Questa poi mi fece scoppiare a ridere, forse un po' istericamente. “Ah, adesso hai bisogno di chiederlo?”
Evidentemente non aspettava altro: in un attimo la sua bocca fu sulla mia. Fu davvero rapido – forse aveva paura che io cambiassi idea all’ultimo minuto – e all’inizio si limitò a un contatto casto e tenero, più una leggera carezza di labbra che si sfioravano che un vero bacio, e che peraltro interruppe quasi subito. Si fermò per osservarmi con aria quasi sbalordita, come se in fondo si stesse ancora aspettando una qualche ribellione da parte mia o che dessi di matto come mio solito, smorzandogli l’entusiasmo e rovinando l’atmosfera con una battutina, ma con mia e sua sorpresa non feci nulla di tutto questo. Rimasi lì, vicina a lui, gli occhi socchiusi e un sorriso un po’ meno accennato.
All’improvviso ebbi voglia di abbracciarlo, di rifugiarmi tra le sue braccia e inspirare il suo profumo – e, sorpresa!, lo feci e basta, senza pensare a come avrebbe potuto fraintendere quel gesto o chissà cos’altro. Insomma, a quel punto c’era davvero poco da fraintendere: Enrico mi era mancato, io l’avevo ammesso sia a me stessa che a lui, dunque adesso la strada sarebbe dovuta essere tutta in discesa. Più o meno.
Fu lui dopo un po' ad allontanarmi gentilmente, ma solo per prendermi il viso tra le mani e guardare le lacrime in bilico tra le ciglia che stavo cercando disperatamente di trattenere. Era assurdo, ma sentivo il cuore battere talmente tanto forte in petto da farmi quasi male – sperai piuttosto scioccamente che lui non lo sentisse. Se erano questi i sintomi, allora mi ero cacciata davvero in un bel guaio…
Ma prima che la mia mente potesse riprendere freneticamente a pensare rovinando il momento, Enrico mi passò una mano tra i capelli, facendo scorrere le dita tra le ciocche, e poi, dimostrando di saper davvero cogliere l’attimo, abbassò il viso su di me e mi baciò di nuovo. E il secondo non fu un bacio casto.

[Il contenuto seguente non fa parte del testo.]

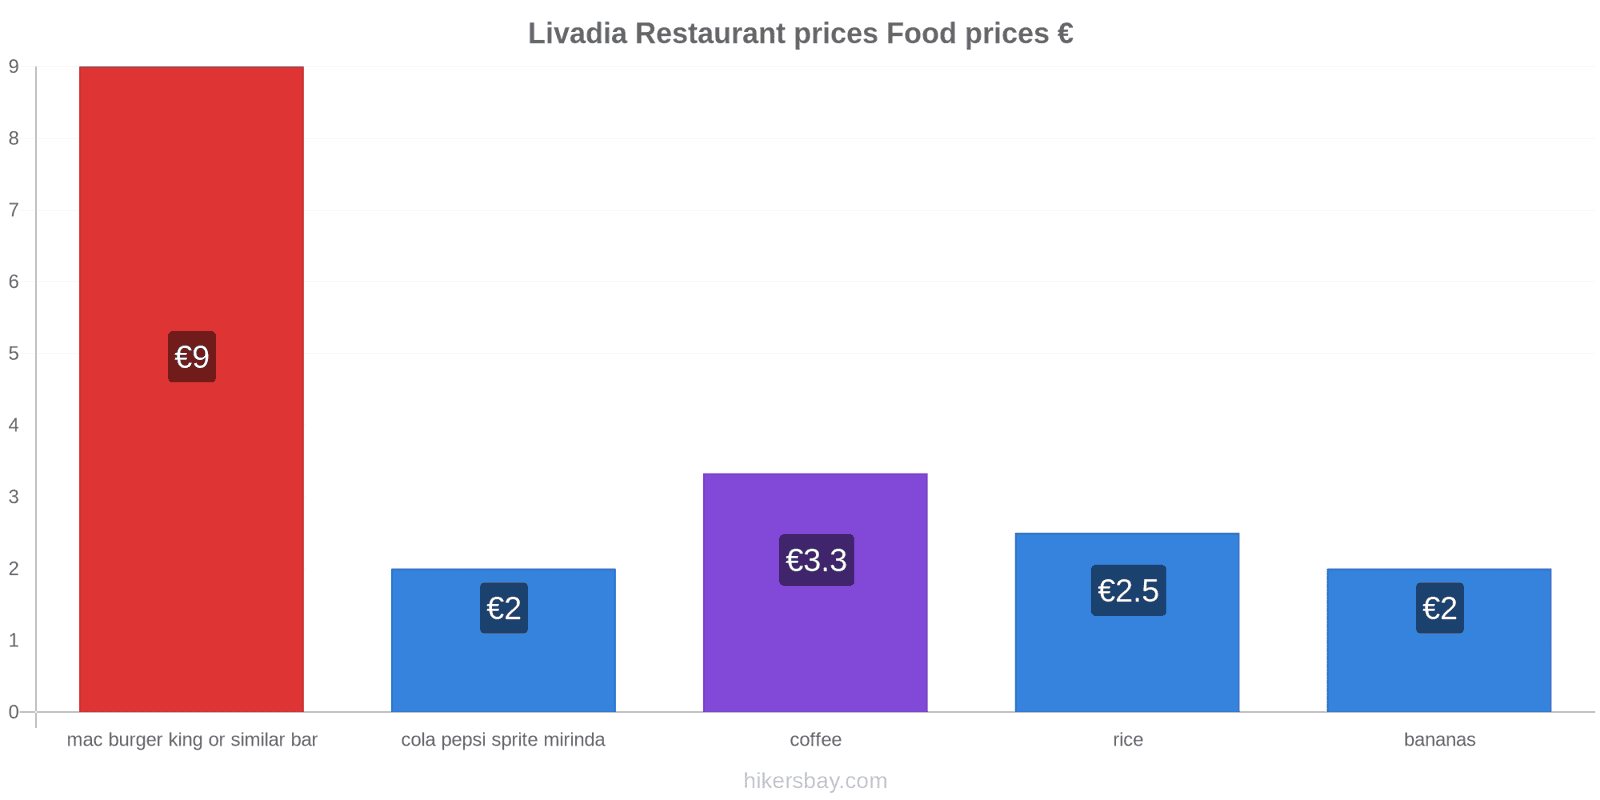 Livadia price changes hikersbay.com

Stavolta, mentre lo baciavo, ebbi l’impressione di aver spento ogni interruttore. Sentivo solo silenzio. Non era un silenzio morto, freddo o triste, al contrario... Era un silenzio fatto dei miei sospiri, dei suoi, di deboli gemiti che nessun altro al di fuori di noi due avrebbe potuto sentire, dei battiti accelerati del mio cuore e del suo respiro leggermente affannato... Era il bacio che avrei voluto dargli quando era venuto a salvarmi da Lorenzo, e anche quando ero andata a trovarlo in ospedale e mi aveva detto che mi amava, e che per tutta una serie di ovvi motivi avevo dovuto rimandare.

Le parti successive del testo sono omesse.